● **Required work**
An answer that reproduces all the entries exactly is what is needed.

── Provided material

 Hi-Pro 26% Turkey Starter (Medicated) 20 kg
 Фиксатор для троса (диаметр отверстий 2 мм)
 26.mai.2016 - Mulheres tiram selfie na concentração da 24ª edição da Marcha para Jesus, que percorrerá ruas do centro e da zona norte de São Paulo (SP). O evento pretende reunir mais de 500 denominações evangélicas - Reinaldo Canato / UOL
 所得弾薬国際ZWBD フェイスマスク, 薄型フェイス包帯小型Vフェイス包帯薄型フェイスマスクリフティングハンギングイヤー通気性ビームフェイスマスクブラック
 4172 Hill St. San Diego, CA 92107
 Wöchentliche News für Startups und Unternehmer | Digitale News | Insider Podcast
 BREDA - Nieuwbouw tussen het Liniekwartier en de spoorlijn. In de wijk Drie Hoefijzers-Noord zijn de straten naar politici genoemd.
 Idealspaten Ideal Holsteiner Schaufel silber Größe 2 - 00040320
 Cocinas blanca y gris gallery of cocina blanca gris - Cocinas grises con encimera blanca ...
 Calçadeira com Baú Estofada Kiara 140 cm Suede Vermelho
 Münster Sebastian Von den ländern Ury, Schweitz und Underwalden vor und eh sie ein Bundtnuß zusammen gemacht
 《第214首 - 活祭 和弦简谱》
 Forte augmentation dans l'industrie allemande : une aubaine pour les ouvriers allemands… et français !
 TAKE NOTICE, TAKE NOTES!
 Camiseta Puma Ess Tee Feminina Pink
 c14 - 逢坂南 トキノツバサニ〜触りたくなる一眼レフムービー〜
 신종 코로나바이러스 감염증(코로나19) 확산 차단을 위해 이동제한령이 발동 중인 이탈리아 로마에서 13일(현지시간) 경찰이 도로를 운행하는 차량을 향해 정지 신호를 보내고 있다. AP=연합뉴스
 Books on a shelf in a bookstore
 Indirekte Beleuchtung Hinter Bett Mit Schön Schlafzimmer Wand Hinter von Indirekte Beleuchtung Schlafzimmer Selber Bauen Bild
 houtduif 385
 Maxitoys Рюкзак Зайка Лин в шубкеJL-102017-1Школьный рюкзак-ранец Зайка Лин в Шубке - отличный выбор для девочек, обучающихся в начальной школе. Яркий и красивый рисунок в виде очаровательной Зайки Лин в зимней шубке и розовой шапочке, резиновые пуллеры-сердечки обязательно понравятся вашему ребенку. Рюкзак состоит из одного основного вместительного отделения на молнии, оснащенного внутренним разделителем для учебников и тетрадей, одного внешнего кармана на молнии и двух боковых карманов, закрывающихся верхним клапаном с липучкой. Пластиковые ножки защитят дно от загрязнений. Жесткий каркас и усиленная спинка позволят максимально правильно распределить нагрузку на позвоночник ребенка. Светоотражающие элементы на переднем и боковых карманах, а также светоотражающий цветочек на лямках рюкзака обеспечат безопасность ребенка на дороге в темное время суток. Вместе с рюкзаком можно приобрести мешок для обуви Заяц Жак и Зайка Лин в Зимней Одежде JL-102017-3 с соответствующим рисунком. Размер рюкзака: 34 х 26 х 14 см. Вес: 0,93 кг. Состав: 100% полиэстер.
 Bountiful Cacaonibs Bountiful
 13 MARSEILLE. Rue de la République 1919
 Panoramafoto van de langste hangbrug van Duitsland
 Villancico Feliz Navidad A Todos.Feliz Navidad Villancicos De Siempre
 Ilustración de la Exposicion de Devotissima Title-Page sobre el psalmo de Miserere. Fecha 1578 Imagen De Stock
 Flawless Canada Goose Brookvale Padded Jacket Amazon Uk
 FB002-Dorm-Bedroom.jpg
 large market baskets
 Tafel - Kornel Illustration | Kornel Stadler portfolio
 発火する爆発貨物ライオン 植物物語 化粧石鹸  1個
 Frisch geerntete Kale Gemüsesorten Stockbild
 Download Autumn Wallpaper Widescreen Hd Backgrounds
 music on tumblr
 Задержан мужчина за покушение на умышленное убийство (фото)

────

● **Result of the exercise**
 Hi-Pro 26% Turkey Starter (Medicated) 20 kg
 Фиксатор для троса (диаметр отверстий 2 мм)
 26.mai.2016 - Mulheres tiram selfie na concentração da 24ª edição da Marcha para Jesus, que percorrerá ruas do centro e da zona norte de São Paulo (SP). O evento pretende reunir mais de 500 denominações evangélicas - Reinaldo Canato / UOL
 所得弾薬国際ZWBD フェイスマスク, 薄型フェイス包帯小型Vフェイス包帯薄型フェイスマスクリフティングハンギングイヤー通気性ビームフェイスマスクブラック
 4172 Hill St. San Diego, CA 92107
 Wöchentliche News für Startups und Unternehmer | Digitale News | Insider Podcast
 BREDA - Nieuwbouw tussen het Liniekwartier en de spoorlijn. In de wijk Drie Hoefijzers-Noord zijn de straten naar politici genoemd.
 Idealspaten Ideal Holsteiner Schaufel silber Größe 2 - 00040320
 Cocinas blanca y gris gallery of cocina blanca gris - Cocinas grises con encimera blanca ...
 Calçadeira com Baú Estofada Kiara 140 cm Suede Vermelho
 Münster Sebastian Von den ländern Ury, Schweitz und Underwalden vor und eh sie ein Bundtnuß zusammen gemacht
 《第214首 - 活祭 和弦简谱》
 Forte augmentation dans l'industrie allemande : une aubaine pour les ouvriers allemands… et français !
 TAKE NOTICE, TAKE NOTES!
 Camiseta Puma Ess Tee Feminina Pink
 c14 - 逢坂南 トキノツバサニ〜触りたくなる一眼レフムービー〜
 신종 코로나바이러스 감염증(코로나19) 확산 차단을 위해 이동제한령이 발동 중인 이탈리아 로마에서 13일(현지시간) 경찰이 도로를 운행하는 차량을 향해 정지 신호를 보내고 있다. AP=연합뉴스
 Books on a shelf in a bookstore
 Indirekte Beleuchtung Hinter Bett Mit Schön Schlafzimmer Wand Hinter von Indirekte Beleuchtung Schlafzimmer Selber Bauen Bild
 houtduif 385
 Maxitoys Рюкзак Зайка Лин в шубкеJL-102017-1Школьный рюкзак-ранец Зайка Лин в Шубке - отличный выбор для девочек, обучающихся в начальной школе. Яркий и красивый рисунок в виде очаровательной Зайки Лин в зимней шубке и розовой шапочке, резиновые пуллеры-сердечки обязательно понравятся вашему ребенку. Рюкзак состоит из одного основного вместительного отделения на молнии, оснащенного внутренним разделителем для учебников и тетрадей, одного внешнего кармана на молнии и двух боковых карманов, закрывающихся верхним клапаном с липучкой. Пластиковые ножки защитят дно от загрязнений. Жесткий каркас и усиленная спинка позволят максимально правильно распределить нагрузку на позвоночник ребенка. Светоотражающие элементы на переднем и боковых карманах, а также светоотражающий цветочек на лямках рюкзака обеспечат безопасность ребенка на дороге в темное время суток. Вместе с рюкзаком можно приобрести мешок для обуви Заяц Жак и Зайка Лин в Зимней Одежде JL-102017-3 с соответствующим рисунком. Размер рюкзака: 34 х 26 х 14 см. Вес: 0,93 кг. Состав: 100% полиэстер.
 Bountiful Cacaonibs Bountiful
 13 MARSEILLE. Rue de la République 1919
 Panoramafoto van de langste hangbrug van Duitsland
 Villancico Feliz Navidad A Todos.Feliz Navidad Villancicos De Siempre
 Ilustración de la Exposicion de Devotissima Title-Page sobre el psalmo de Miserere. Fecha 1578 Imagen De Stock
 Flawless Canada Goose Brookvale Padded Jacket Amazon Uk
 FB002-Dorm-Bedroom.jpg
 large market baskets
 Tafel - Kornel Illustration | Kornel Stadler portfolio
 発火する爆発貨物ライオン 植物物語 化粧石鹸  1個
 Frisch geerntete Kale Gemüsesorten Stockbild
 Download Autumn Wallpaper Widescreen Hd Backgrounds
 music on tumblr
 Задержан мужчина за покушение на умышленное убийство (фото)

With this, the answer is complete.